++++ Supplied material
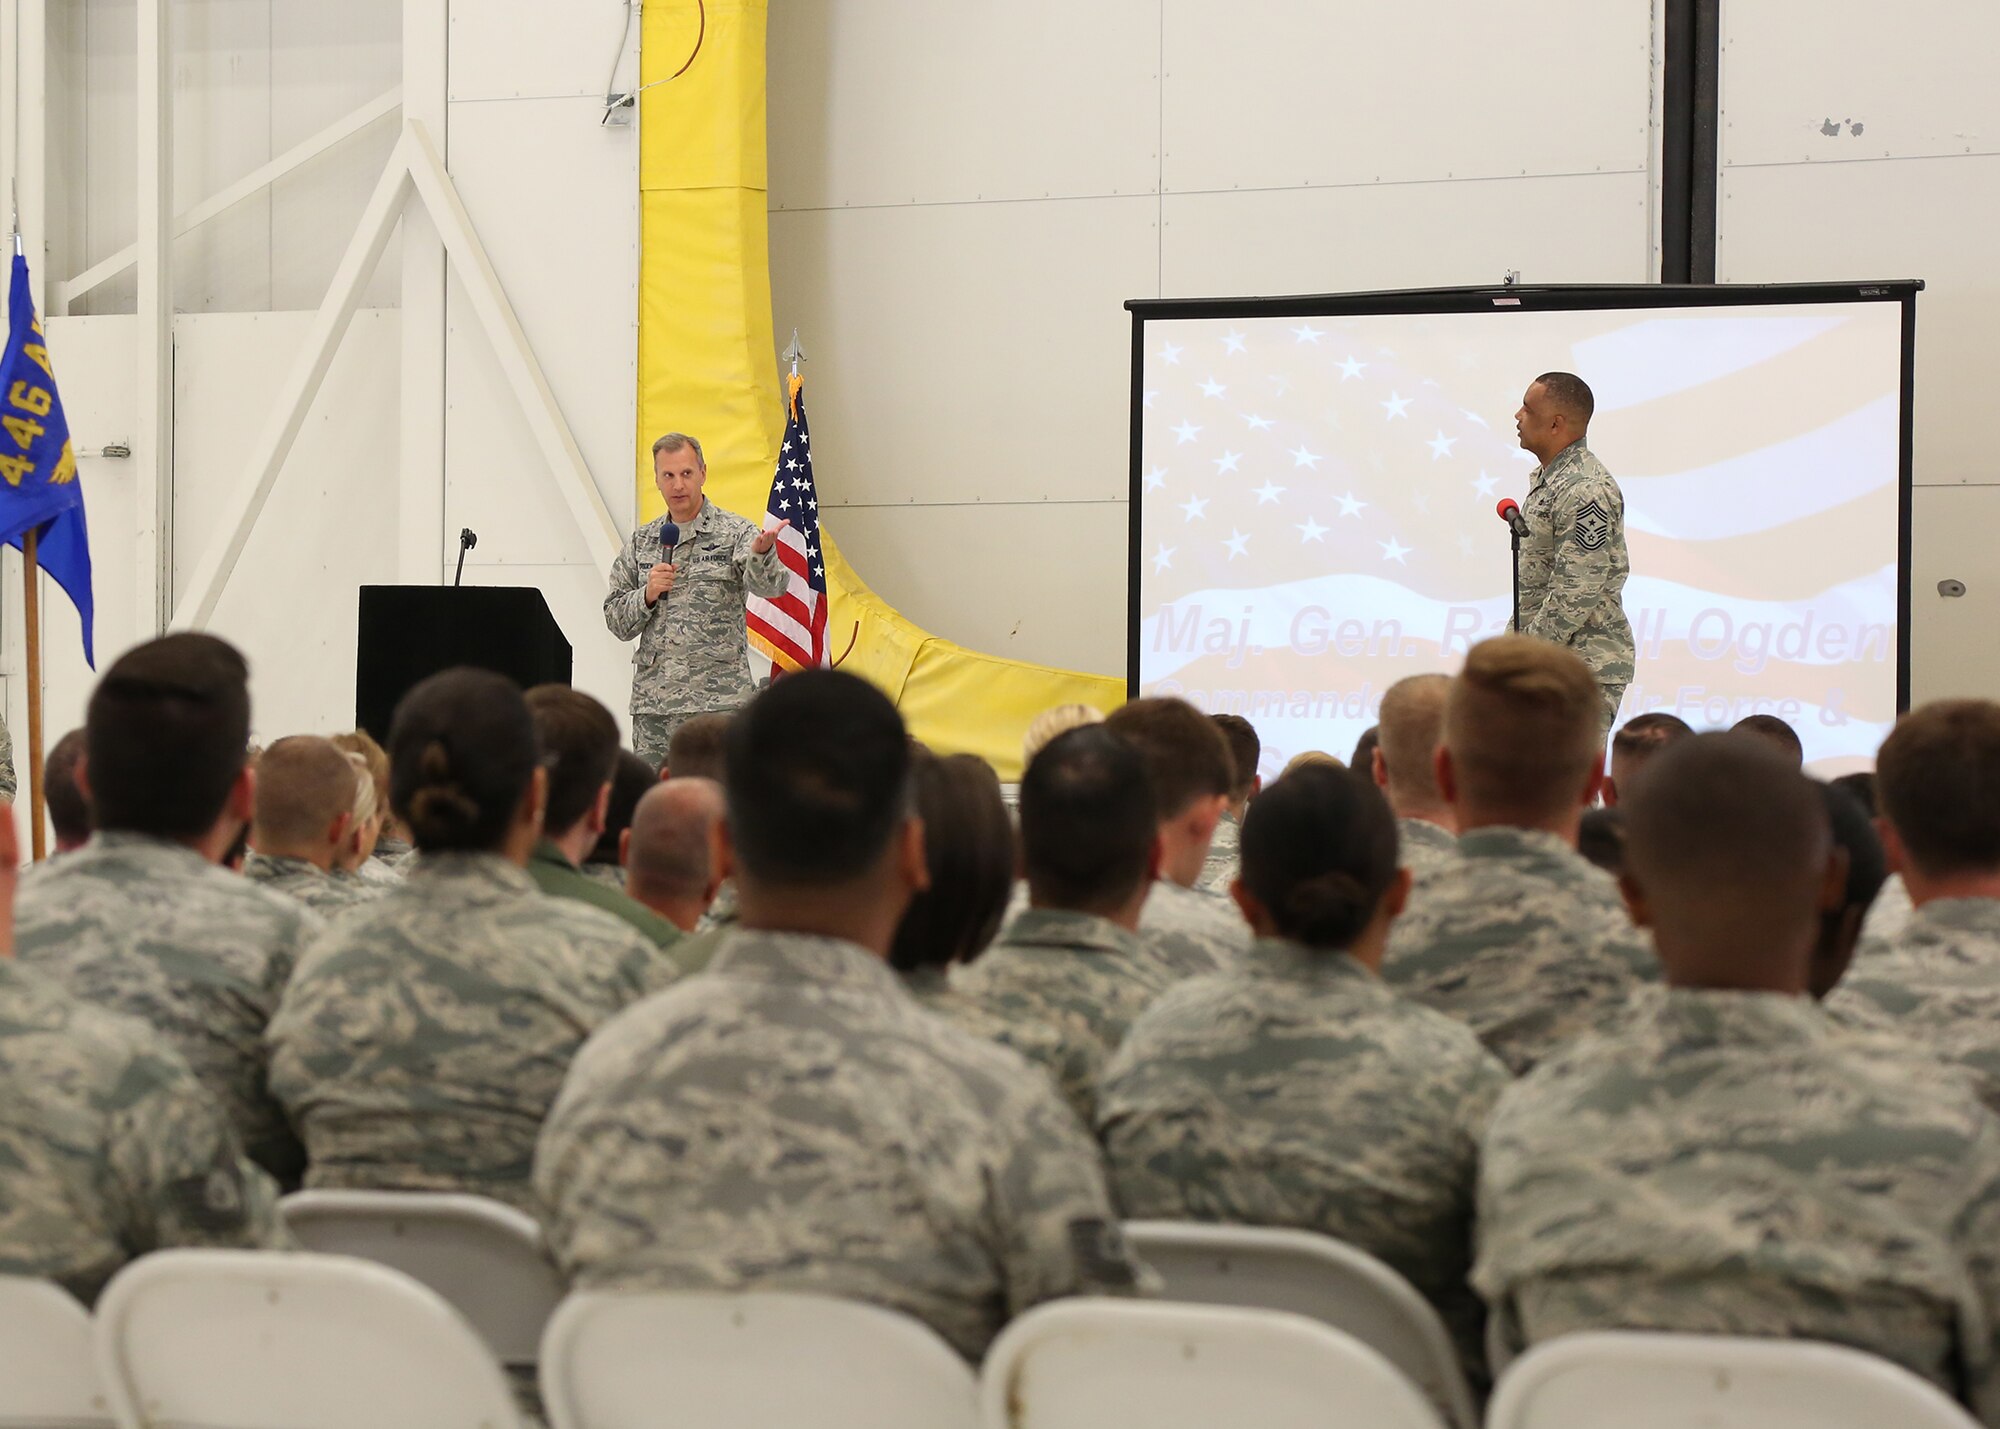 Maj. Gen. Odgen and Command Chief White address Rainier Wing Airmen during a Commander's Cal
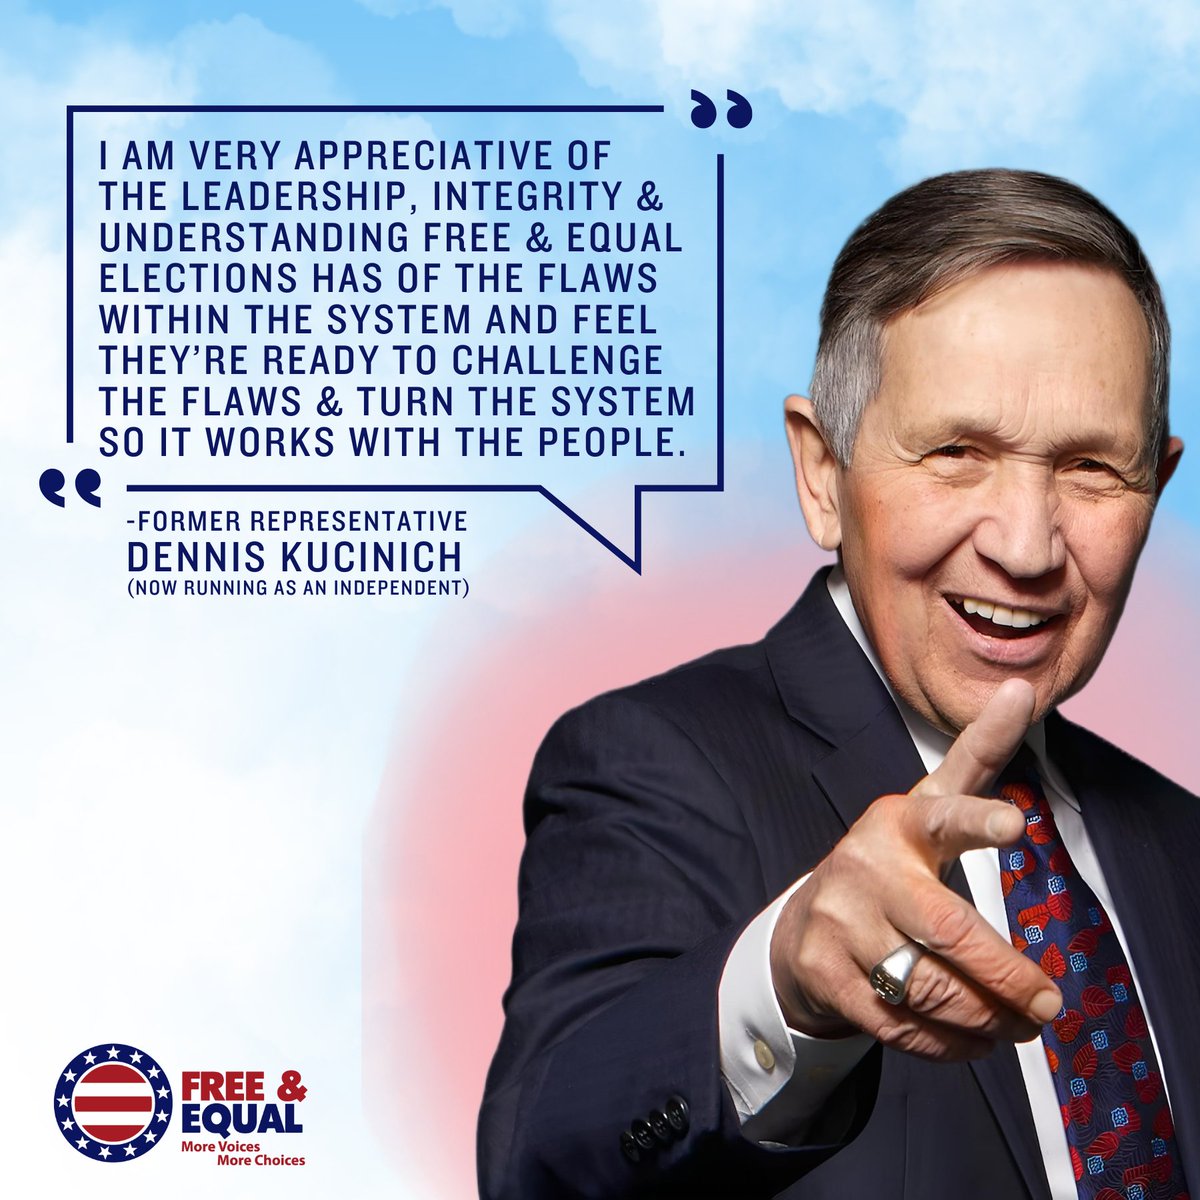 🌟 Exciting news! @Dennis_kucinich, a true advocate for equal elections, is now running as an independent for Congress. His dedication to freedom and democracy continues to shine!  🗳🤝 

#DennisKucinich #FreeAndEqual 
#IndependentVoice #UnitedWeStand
++++++++
Brief: Word for word, quote the lines above. Omit the pictures.

Output of the exercise:
 Maj. Gen. Odgen and Command Chief White address Rainier Wing Airmen during a Commander's Cal
 🌟 Exciting news! @Dennis_kucinich, a true advocate for equal elections, is now running as an independent for Congress. His dedication to freedom and democracy continues to shine!  🗳🤝 

#DennisKucinich #FreeAndEqual 
#IndependentVoice #UnitedWeStand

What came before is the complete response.